RRN: Are you familiar with the Inventory of Traditional Knowledge related to Biodiversity? In some ways, Almáciga resembles this compilation, except that in the case of the inventory, there are no words, but rather plants, animals, rural customs and practices that are collected so they won't be lost.
MS:
I know it, but my proposal isn't academic. I think it's very important and necessary to dignify the lives and knowledge of rural people, of our ancestors. They were told that what they knew wasn't worth anything. Now we're returning to many of the things and knowledge they put into practice. I don't expect us to live like them, but I do want to recognize their knowledge and put it into practice with the knowledge and tools we have today. For example, in the countryside, goats and shepherds have always been key in the fight against forest fires. So it's very painful that university studies come to endorse something that, through popular wisdom, has long been known. The knowledge of our rural ancestors hasn't been taken into account. And this is something we owe to our grandparents. To tell them that what they know is useful.

RRN: Do you think there is a literary boom in rural areas?
MS: Yes, I think there's a time shift, a paradigm shift. Many people are tired of the life and ways of working imposed on us by the system, and it's normal for these questions to arise. But there have always been periods when rural literature has been written about. For me, it's important to ask ourselves who has written, from what place, what gender, what social class. It's great to see all the new voices writing from our rural environments.

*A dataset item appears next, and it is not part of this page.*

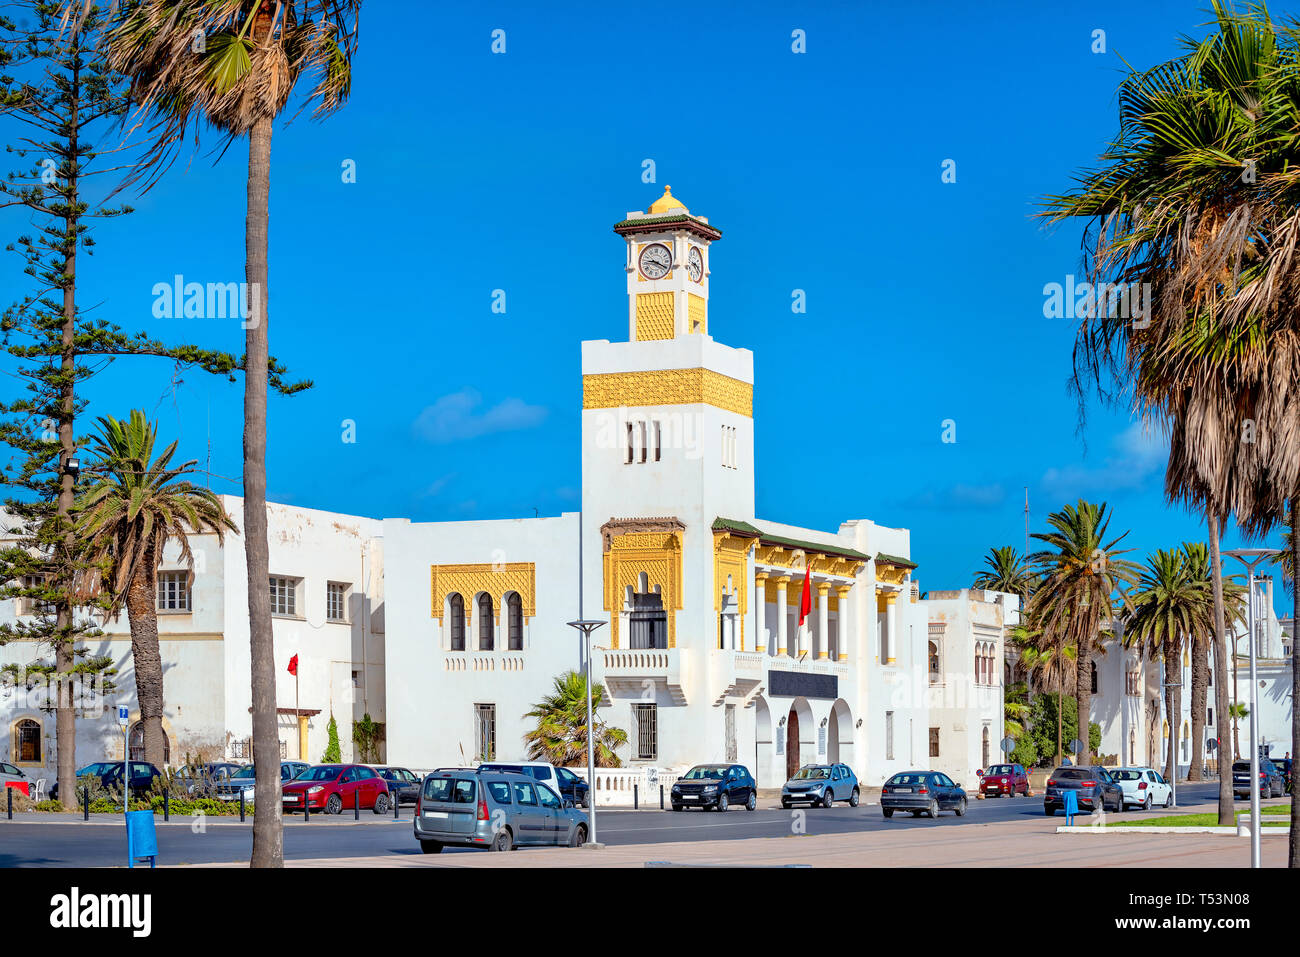 Street with urban clock tower in Essaouira. Morocco, North Africa Stock Photo
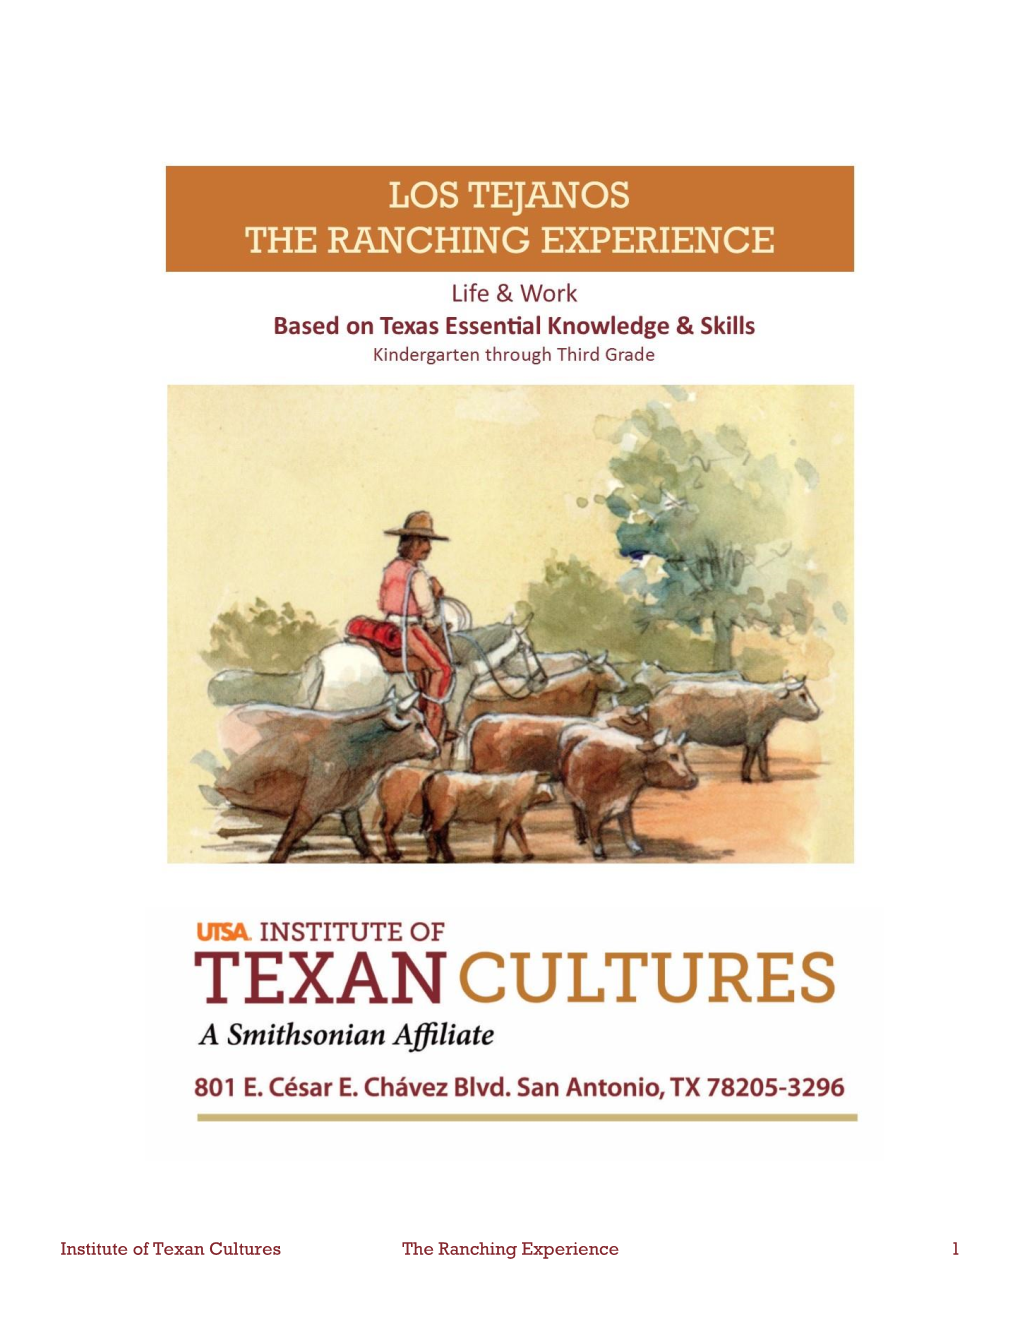 Institute of Texan Cultures the Ranching Experience 1 Introduction

RRN: Do you believe in the so-called neorurality?
MS:
For me, it's not so much about the people who come to live from the city to the countryside, but about the people in the villages who don't have the option to choose whether they want to stay or leave. What we need to talk about is having decent living conditions in the villages. Because the pandemic brings people to the city who have the means, who have the money, and who have a job in the city that allows them to do so. And that's great and opens up many opportunities. But the point is being able to stay if you want to stay because you have decent living conditions in the village, and being able to leave if you want to leave, but not conditioned by a lack of development in your locality. My mother couldn't decide and at 12 years old, she dropped out of school to pick olives. In 2020, many young people are forced to leave their village.
RRN: Do you think the pandemic has changed perceptions of the rural world and its inhabitants? Do you think there could be a shift from the urban to the rural world, or a greater symbiosis between the two?
MS: Yes. Almáciga was closed before the pandemic, and because of all this, I felt the need to write a kind of epilogue. The pandemic has been a kind of "pachakutik" for modern societies. This tremor that is shaking us comes from accumulated energy from the past that needs to be released for new possibilities to emerge. It's necessary to shake up the past and feel fragile enough to question whether we like where we come from and where we want to go. The pandemic has recreated village life in city neighborhoods. And it has made many people realize that the city life imposed on us is often not made for sharing... and be careful, these rhythms are also occurring in many of our towns. As they say in Basque: "good neighbor, good friend. Before the distant relative, there is the neighbor" ("auzo ona, adiskide ona, urrutiko parientia baino, beinago auzoa"). The path lies in the transfer and sharing of both worlds. In bringing a lot of the city to the towns, and in bringing village life to the cities. In sharing, in abandoning prejudices and stereotypes, in coming together, in seeking a common language.